Directions for this task: In the listing below, the answer starts at the line that has "Genesis победил в" and stops after the line that has "Купить Кровать детская PM4 Mela PS 240"; please repeat that part exactly and nothing more.

Source material:
================

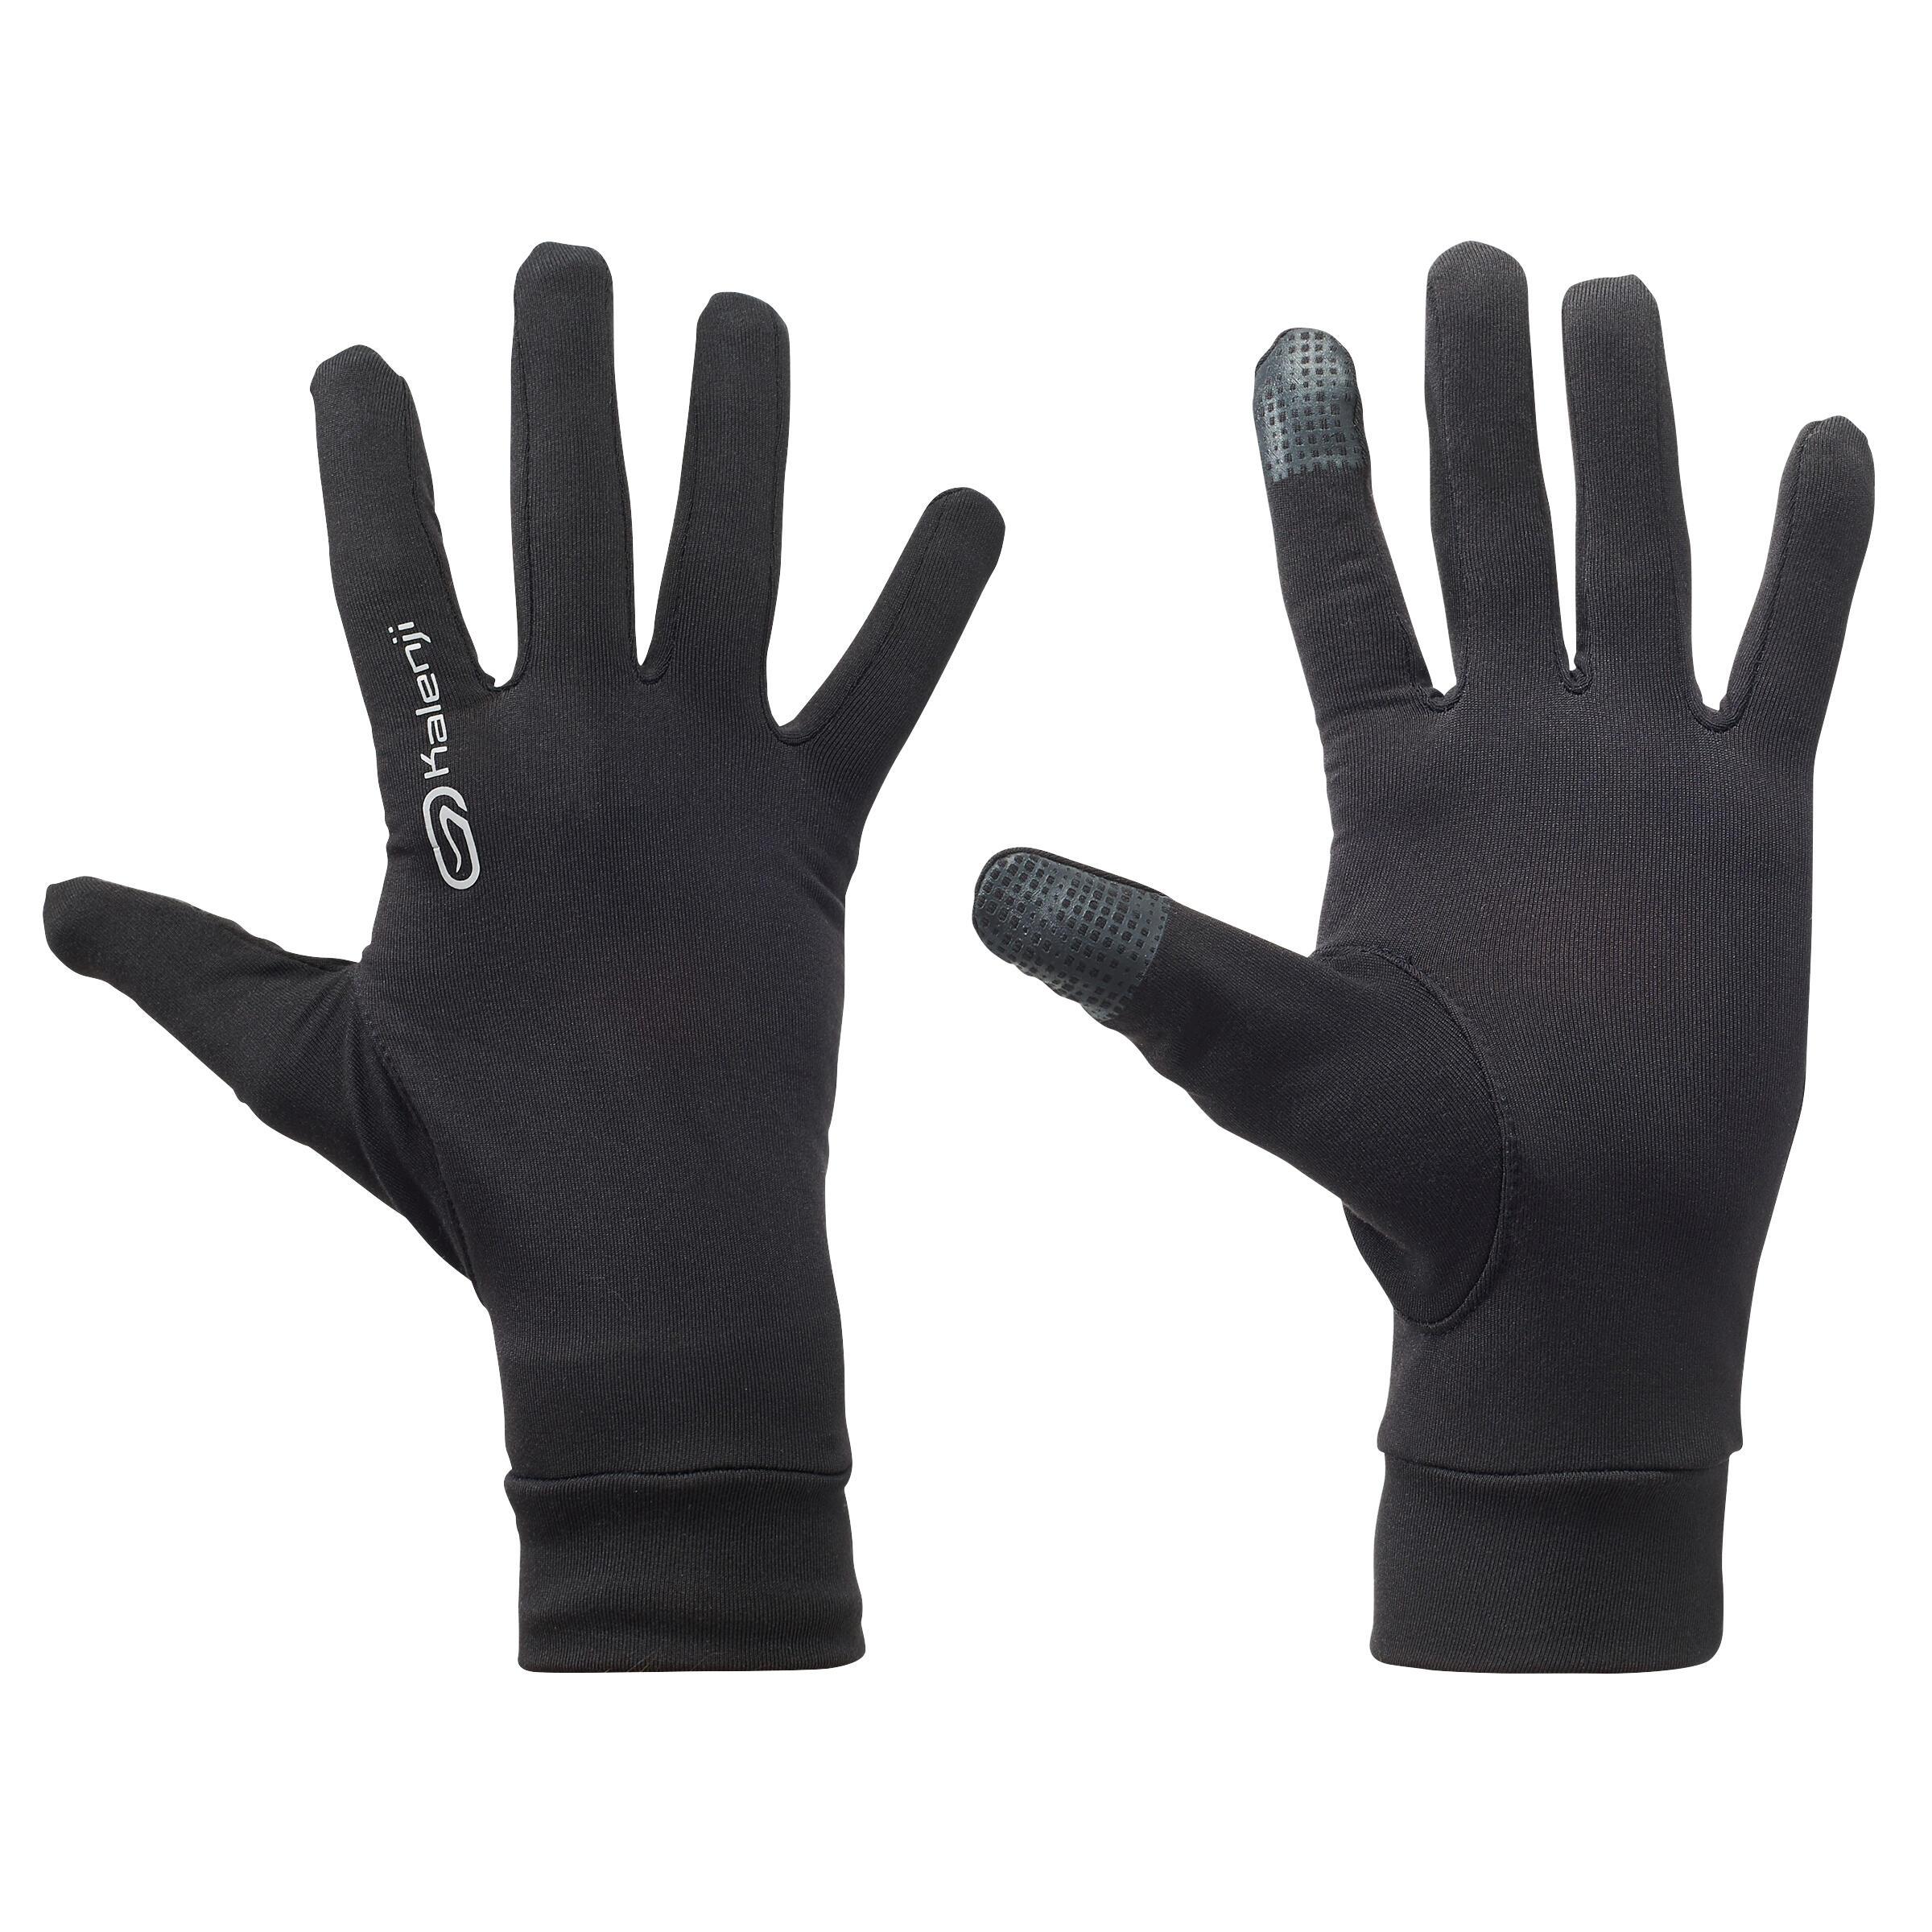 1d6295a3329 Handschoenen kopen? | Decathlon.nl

================

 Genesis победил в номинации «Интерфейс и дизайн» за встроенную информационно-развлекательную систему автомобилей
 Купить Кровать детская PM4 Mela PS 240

================

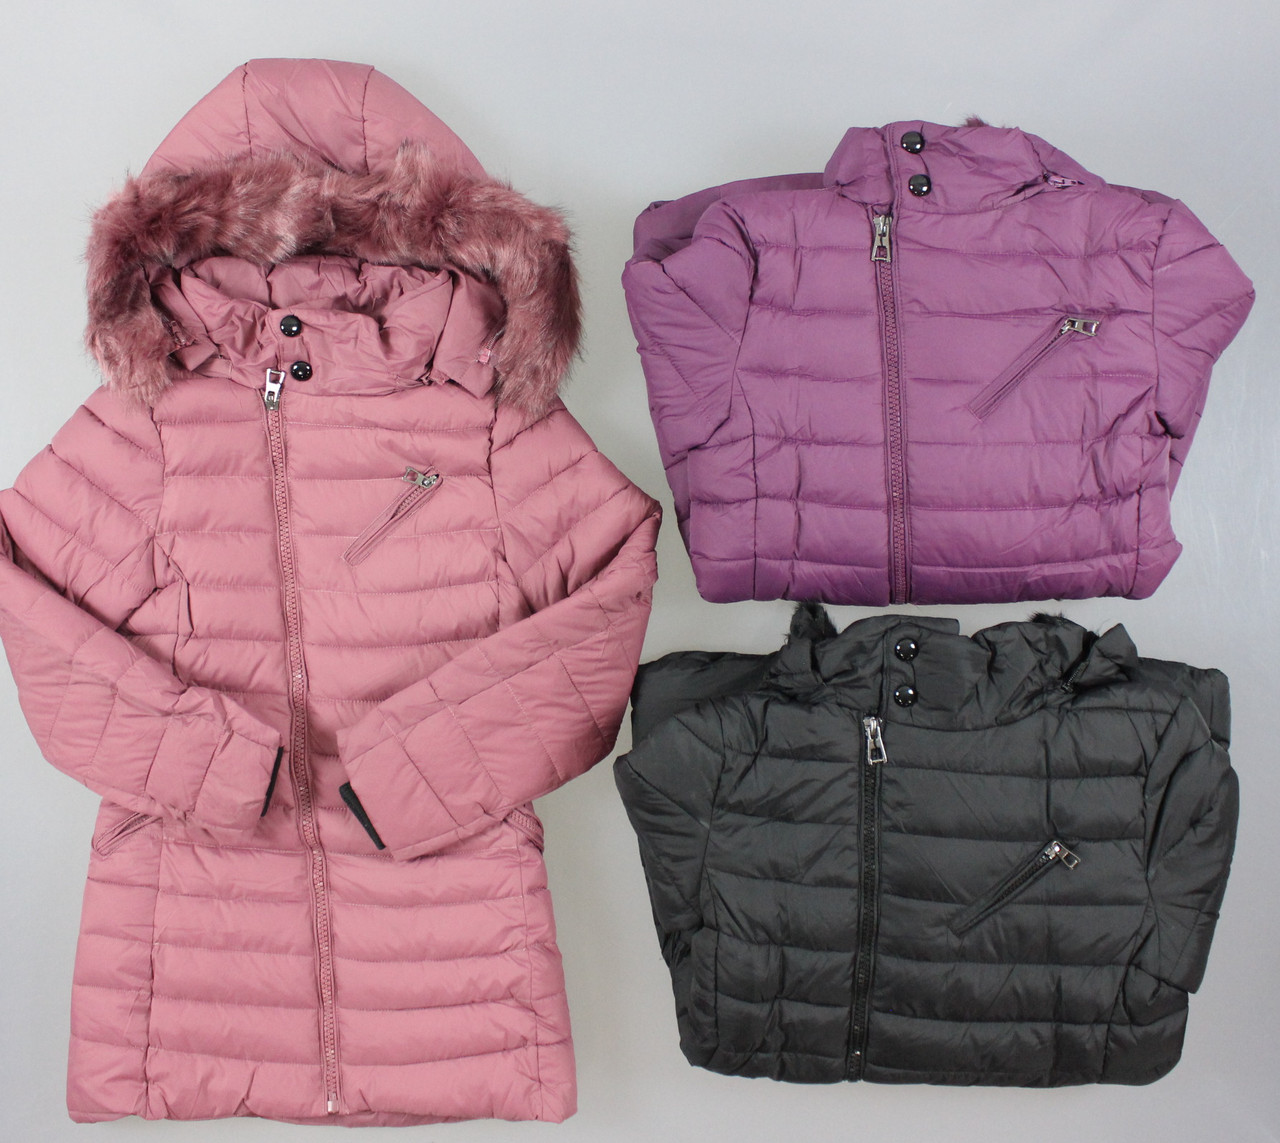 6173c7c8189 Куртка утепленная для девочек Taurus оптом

================

Solution for this exercise:
 Genesis победил в номинации «Интерфейс и дизайн» за встроенную информационно-развлекательную систему автомобилей
 Купить Кровать детская PM4 Mela PS 240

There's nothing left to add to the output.